The device 102 (e.g., a case of the device 102) can include an opening 108 (e.g., a first opening 108) associated with the MEMS sensor device 104. Additionally, the MEMS sensor device 104 can include an opening 110 (e.g., a second opening 110). In one example, the opening 108 of the device 102 (e.g., the first opening 108) can be larger than the opening 110 of the MEMS sensor device 104 (e.g., the second opening 110). In another example, the opening 108 of the device 102 (e.g., the first opening 108) can be smaller than the opening 110 of the MEMS sensor device 104 (e.g., the second opening 110). In yet another example, the opening 108 of the device 102 (e.g., the first opening 108) can be the same size as (e.g., approximately the same size as) the opening 110 of the MEMS sensor device 104 (e.g., the second opening 110). The opening 108 of the device 102 (e.g., the first opening 108) can be an opening in a case of the device 102. The opening 110 of the MEMS sensor device 104 (e.g., the second opening 110) can be an opening of a cavity that encloses a MEMS acoustic sensor (as shown in FIGS. 5-7) of the MEMS sensor device 104. The MEMS acoustic sensor of the MEMS sensor device 104 can be, for example, a MEMS acoustic microphone.

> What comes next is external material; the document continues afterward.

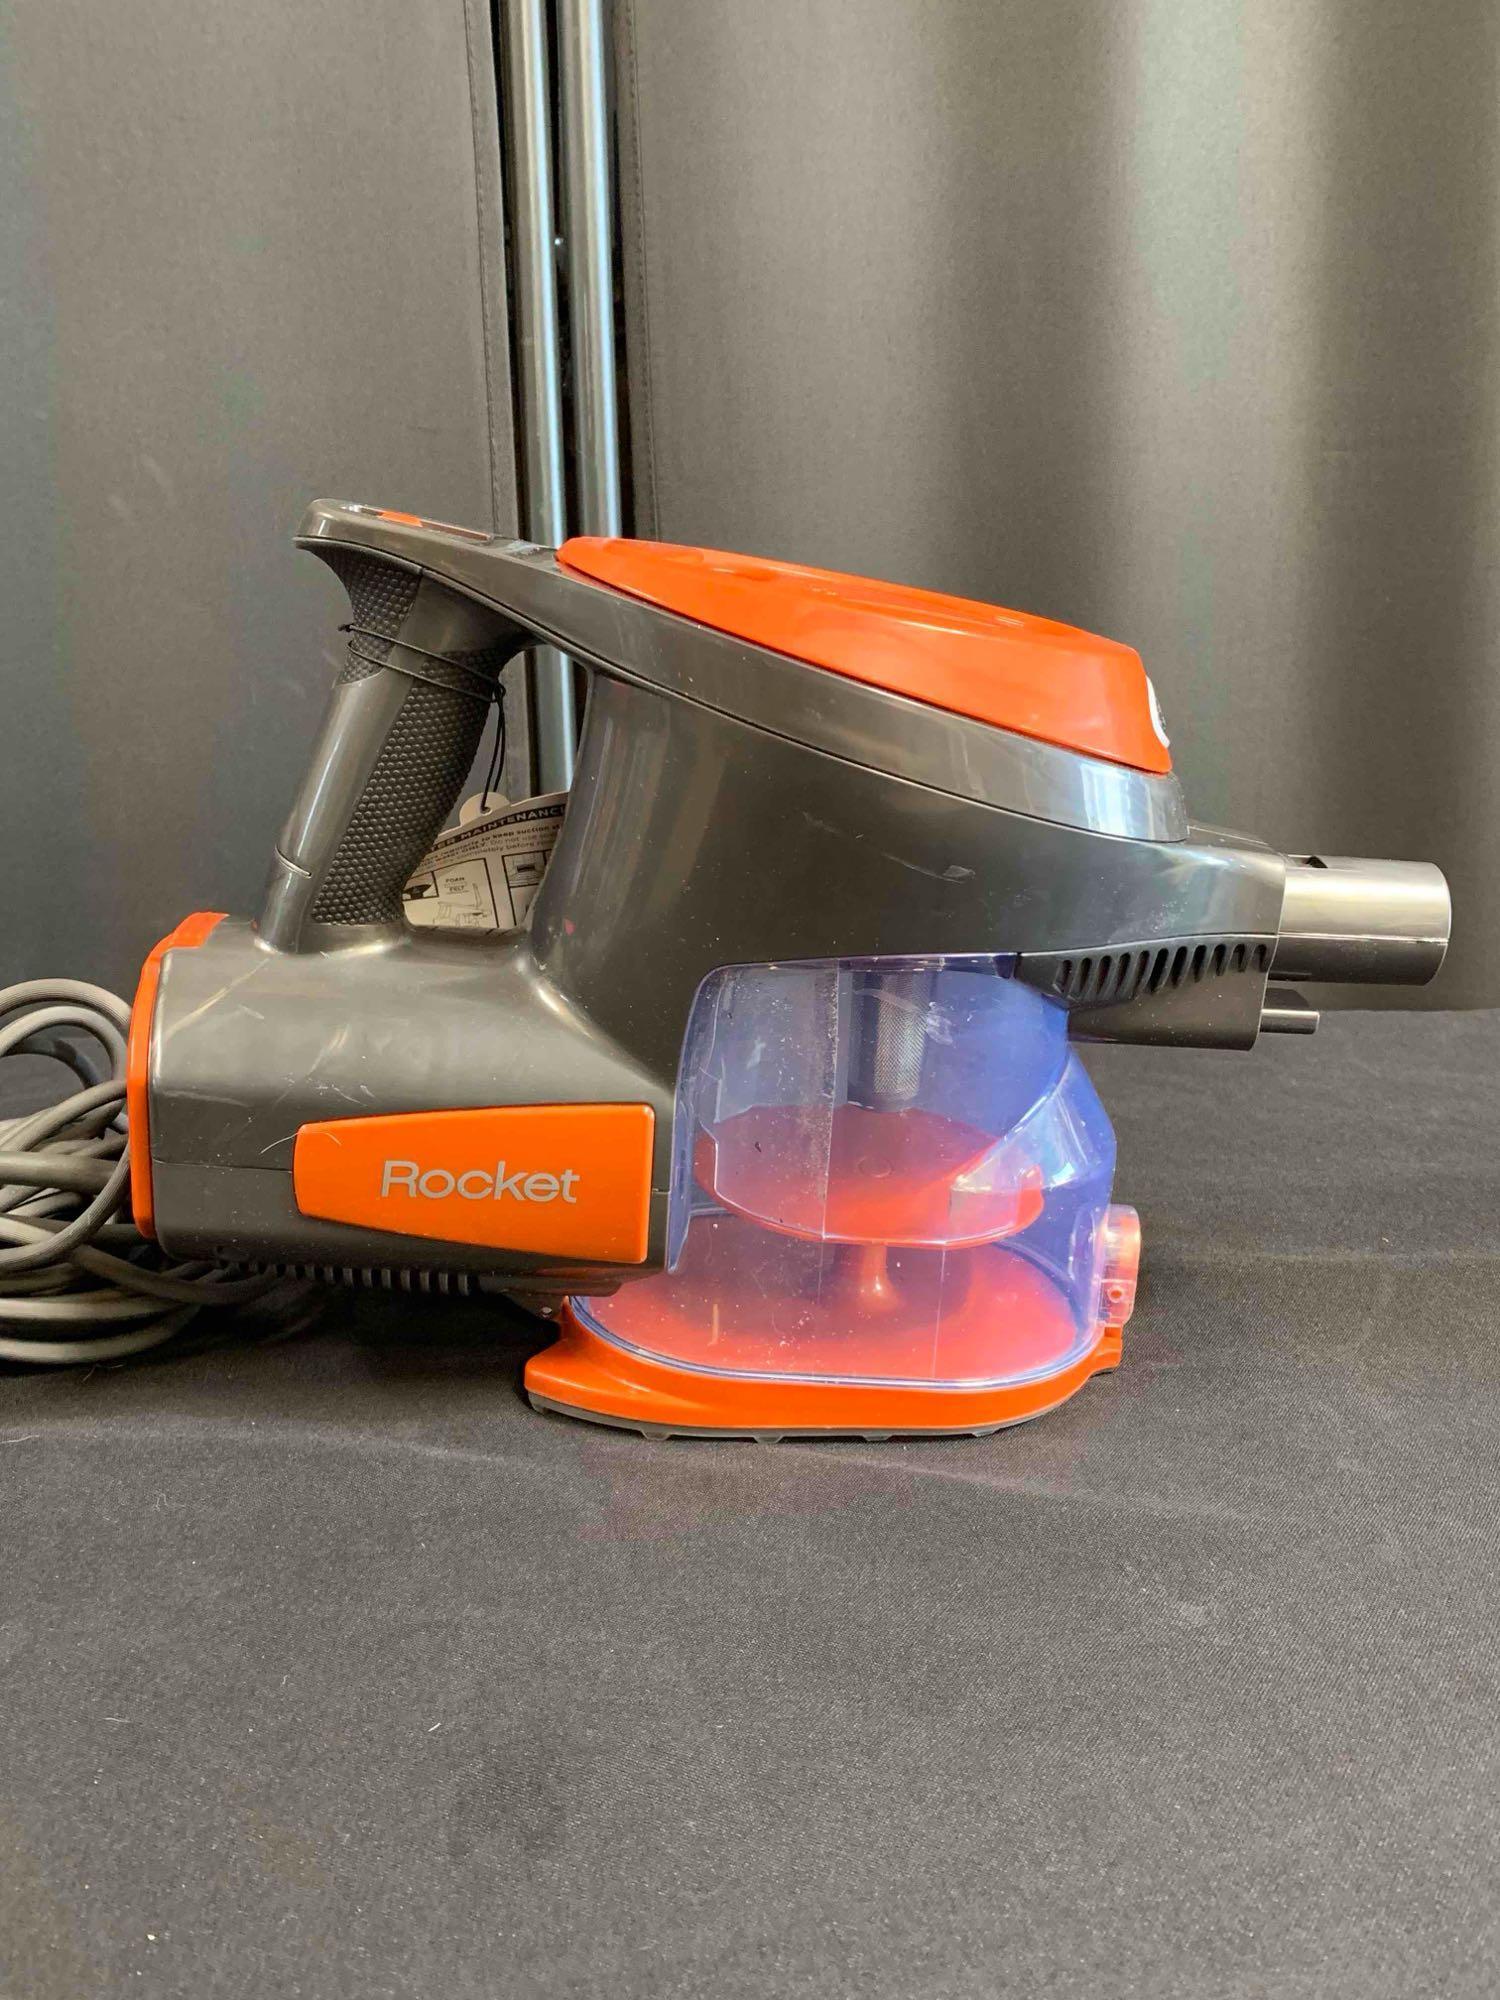 Shark HV301 Rocket Ultra-Light Corded Bagless Vacuum for Carpet and Hard Floor Cleaning with Swivel

The opening 108 and the opening 110 can be connected to form an audio port (e.g., an audio path, an audio channel, an audio passage, etc.) for sound to travel to reach the MEMS acoustic sensor of the MEMS sensor device 104. Under normal operating conditions, the device 102 can receive an acoustic signal (e.g., ACOUSTIC SIGNAL shown in FIG. 1) via the opening 108 associated with the MEMS sensor device 104 (e.g., the first opening 108). The MEMS sensor device 104 can further receive the acoustic signal via the opening 110 of the MEMS sensor device 104 (e.g., the second opening 110). For example, the MEMS acoustic sensor of the MEMS sensor device 104 can receive the acoustic signal via the opening 110 of the MEMS sensor device 104 (e.g., the second opening 110). Accordingly, the acoustic signal can reach the MEMS acoustic sensor via an audio port formed by the opening 108 and the opening 110. It is to be appreciated that in certain implementations the opening 108 and the opening 110 can be implemented as a single opening.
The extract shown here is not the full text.